There was a Yoruba man travelling from Akure to Abuja with his personal car but on the way he was attacked by thieves who stole his car and all other things that were with him, they even beat him severely and left him for dead. As he was calling for help with the little strength he had left, a pastor who was also a Yoruba man was driving along the road, he saw the injured man but sped off acting like he did not see him. A Yoruba man who was a deacon in his church driving by, saw the injured man he slowed down his car looked through his mirror, trying to see if the injured man was yoruba or not, he drove off since he could not actually tell if the man was yoruba and also in fear of the questions he would be asked in the hospital. Then came along an Hausa man, on seeing the injured man, he parked his car, alighted and went to help the man, he did all the first aid he could do and then put off his babariga to cover the man took him to his car and drove to the nearest hospital, on getting there he paid all the bills necessary for the man’s treatment and feeding, he also left some extra cash for any further expenses and promised to come back to settle any bill later on that note he went on to continue his journey.
The story above would look familiar to some most especially if you have heard/read the story of The Good Samaritan which was narratted by Jesus(Luke 10:30-35).
(note:the story you read earlier is just a fictional adaptation of the good Samaritan story to the Nigeria context, it is not to portray that any enmity exists between the Yorubas and the Hausas)
Reading the verses prior to the story of the good Samaritan, one will notice that the story is a response to the question asked by a certain lawyer, “who is my neighbour?” but this story goes beyond just answering the question but also illustrating the redemption story, infact Ellen G. White in her book The Desire of Ages (a classic on the life and teachings of Jesus Christ, a must read for all) writes; “In the story of the good Samaritan, Jesus gave a picture of Himself and His mission. Man had been deceived, bruised, robbed and ruined by Satan and left to perish; but the saviour had compassion on our helpless condition. He left his glory to come to our rescue. He found us ready to die, and he undertook our case. He healed our wounds. He covered us with his robe of righteousness. He opened to us a refuge of safety, and made complete provision for us at his own charges. He died to redeem us.” (Desire of Ages, Chapter 54, The Good Samaritan, Page 503).
In the redemption story; we (the human race) are the certain man, the thief is Satan and the good Samaritan represents Jesus.
The story of the good Samaritan does not just illustrate the redemption story alone, it also illustrates the nature of true religion.
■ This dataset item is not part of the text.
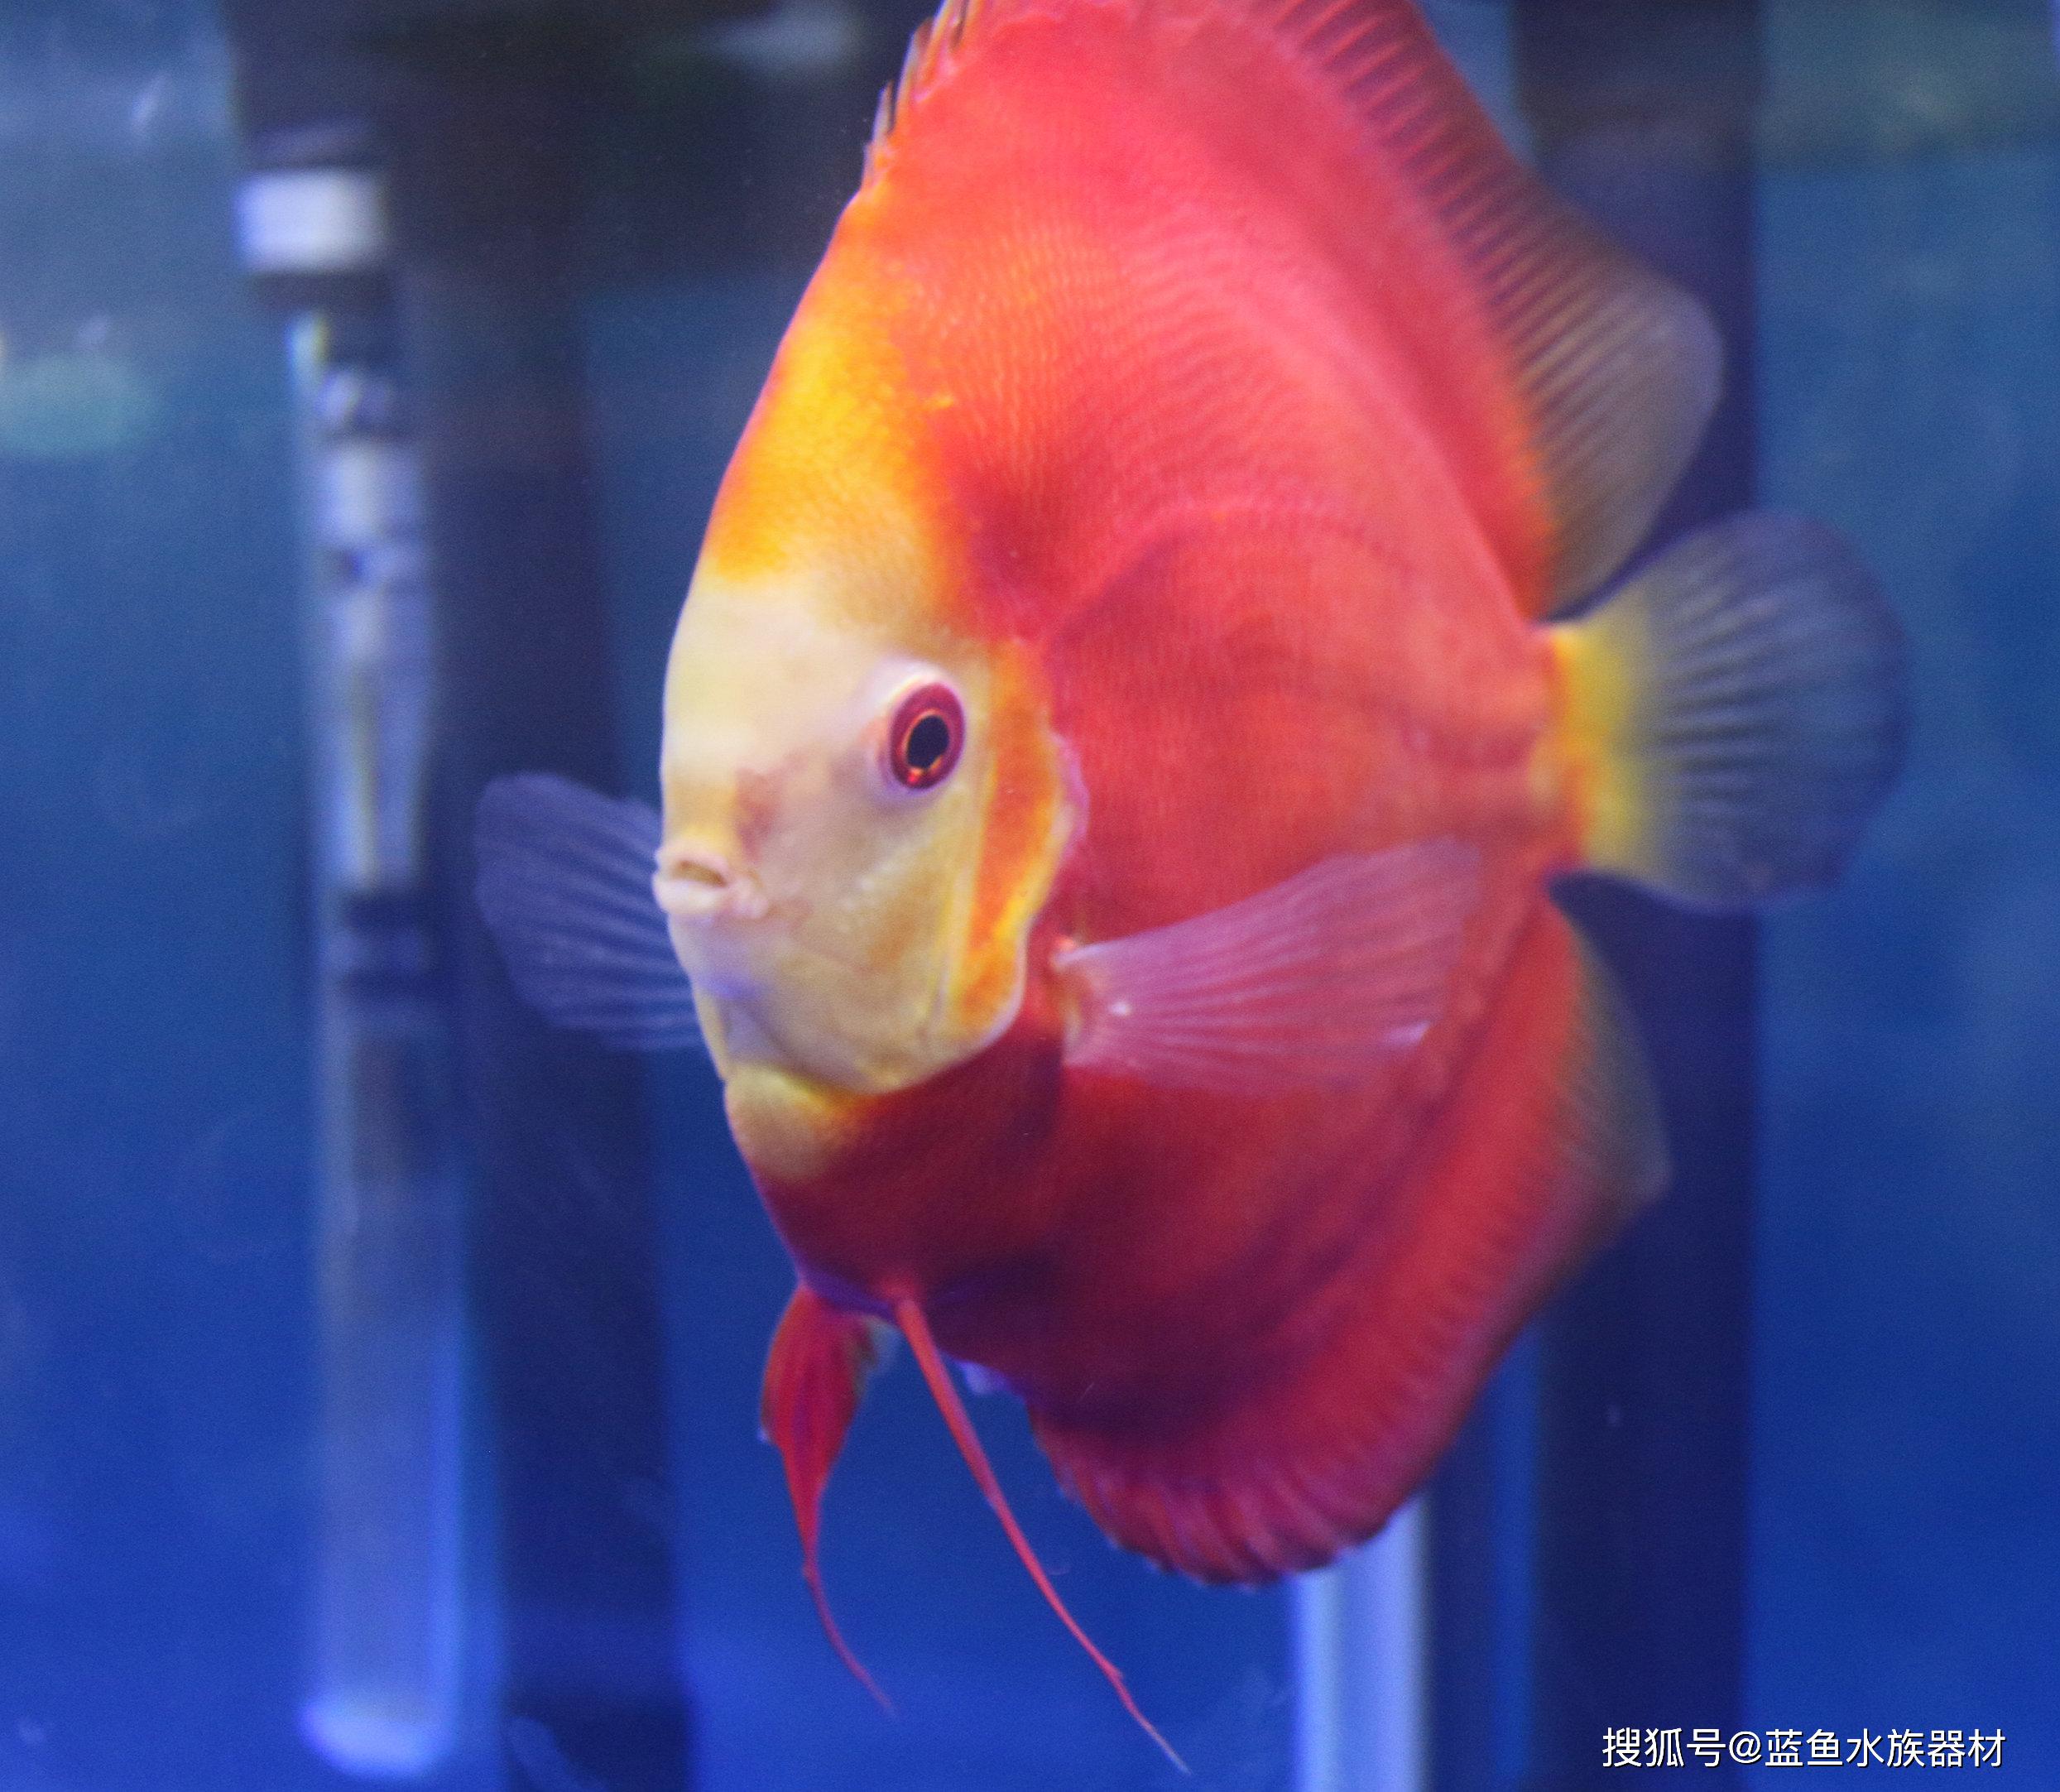 七彩神仙鱼虽然被叫做黄棕盘丽鱼或盘丽鱼

In the story of the good Samaritan and the life of Jesus we find an illustration and a fulfilment of the principle of the law which calls us to “love your neighbour as yourself”.
So when Jesus Christ told the lawyer to “Go and do likewise”, He was telling us all to do more than just profess to be children of God but also act it. He(Jesus) showed us that been the good samaritan is not just been a charitable and helpful person it is been like Him.
It is alarming to see professed children of God/Christians (not excluding me) say statements like “I am not the good Samaritan” when someone asks us for a favour, when that is exactly who God wants us to be; according to Isaiah 58, God tells us he does not need our empty fasts what he wants from us is to do good deeds stated in the text as loosing the chains of injustice, setting the oppressed free, sharing our food to the hungry, providing shelter for the homeless and clothing the naked and Jesus also said doing these deeds are vital to determining our eternal destination (Matthew 25:31-46), this good deeds are expected to be done in-respective of who the person is, the social status, race, tribe, colour of skin or even religion.
It is time we professed christians start doing the works of the one we claim to follow.
Now dont just go ahead doing this deeds because you want to make it to heaven, that would be selfish and no different from a person who does philanthropy because of his political ambition. So the first thing to do is get right with God by developing a true and close relationship with Jesus because without this there is no way we can do this deeds because our natural inclination is selfish and this calls us to be selfless, once you have begun this relationship with Jesus join the Good Sam Club (a name gotten from Dwight Nelson’s The Chosen devotional), dont get me wrong the Good Sam Club is not a club that you pay registration money and dues, its just a term for people who are willing to obey Jesus’s command to “Go and do likewise”.
Are you one of such people deciding to do as the good Samaritan did in whatever way you can?
Enlistment lines are open for all.


3 responses to ““GO AND DO LIKEWISE”

  1. Pingback: No, @TheIRD, The Good Samaritan Does Not Lead To Just War | Homebrewed Theology

  2. This i must confess was written by an inspired man(believe me dis are not mere inspired words).I giv God glory on ur behalf for u hav dedicated yourself to him.God bless u.Lookin forward to ur next article and pls alert me wen its out.God bless u.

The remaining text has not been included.